Сегодня Alberta iela, внесенная в анналы ЮНЕСКО, считается одной из самых красивых улиц Европы. Ею можно пресытиться, но ее трудно не полюбить. Перегруженная, как стареющая красавица, украшениями, архитектура здесь впала в декоративный разврат и достигла границ китча. Но не переступила их, оставив за собой неразъясненный остаток. Кажется, в первый — и последний — раз Европа впустила приватное подсознание в зодчество. Каждый дом — сказка, которую он рассказывает сам себе, не делясь содержанием с посторонними. В архитектурном словаре Риги гипсовые псы служили в охране, павлины символизировали богатство, драконы — изобилие. Но у Эйзенштейна фасады стерегут нагие женщины с закрытыми глазами, чтобы не выдать взглядом тайну, о которой они не знают, а мы мечтаем.
Каким бы европейским языком ни пользовался этот стиль — ар нуво, югендстиль, модерн, — соблазн его был тот же: новый мифотворческий потенциал, до которого была охоча эпоха, породившая XX век и не сумевшая с ним справиться. Всякий раз, когда культура, устав от себя, стремится перейти положенные ей пределы, она утончается, сгибается и ломается под тяжестью перезрелых плодов.
Я так и не понял: повезло мне вырасти в красивом городе или угораздило? Обеспечив мою юность бесценным фоном, он взял на себя труд, который предназначался мне, — оправдать окружающее. В других местах для этого нужен магический реализм. Во всяком случае, так мне показалось, когда я разговорился с приезжим из Норильска.

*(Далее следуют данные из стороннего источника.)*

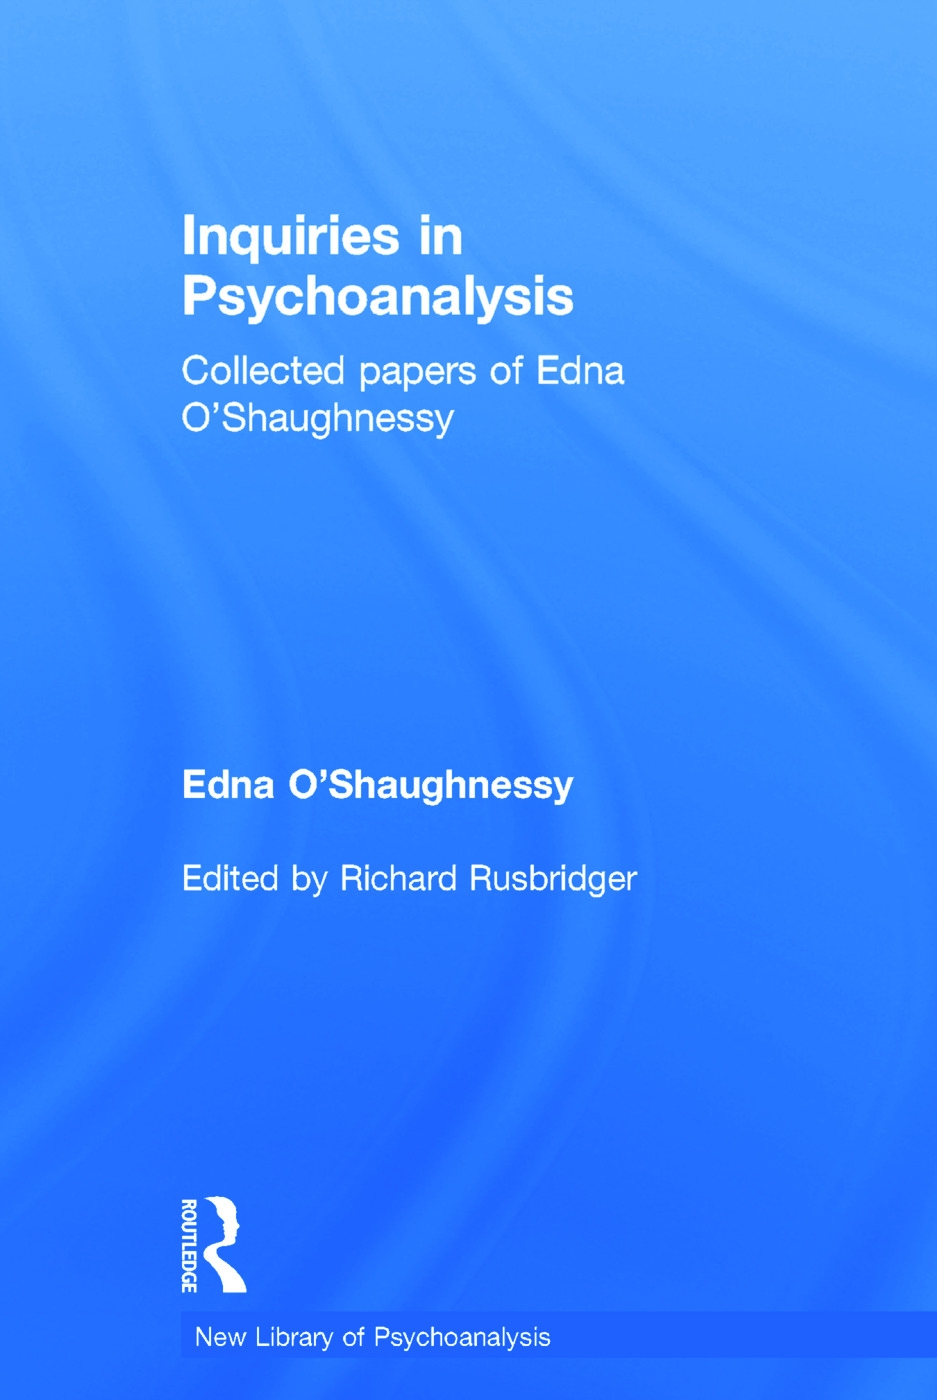 Inquiries in Psychoanalysis: Collected Papers of Edna O’Shaughnessy

— В нашем городе, — объяснил он, — если снег синий, значит, ветер с Севера, если красный — с обогатительного комбината, если оранжевый — с шахты.
— А если снега нет?
— Как это?
В Риге снега не было, как говорят, уже лет десять. И от этого зиму здесь стало еще труднее отличить от лета. Между тем архитектура работает не только в соавторстве с историей, но и в контакте с календарем. Но здесь он не так важен, ибо в Риге всегда идет дождь. А если не идет, то собирается пойти. И этим коротким моментом надо уметь воспользоваться, чтобы, перебравшись через Даугаву, разместить панораму между собой и солнцем в выгодном для архитектуры контровом свете. Такой ракурс — вид сбоку — сдергивает наряд деталей и обнажает архитектуру, превращая ее в скульптурную массу, вырубленную в старом небе. И если умело ограничить обзор, вынеся за скобки сталинский небоскреб Дом колхозника, переделанный в Академию наук, то окажется, что за последние четыреста лет рижский абрис не изменился. Крутые шпили трех первых церквей, тяжелый, как слон, замок, зубчатая поросль острых крыш и круглых башен.
— Вот что я люблю больше всего на свете, — выдохнул наконец я, не стесняясь школьного друга.
— Ты все любишь «больше всего на свете», — лениво откликнулся он, потому что знал меня как облупленного.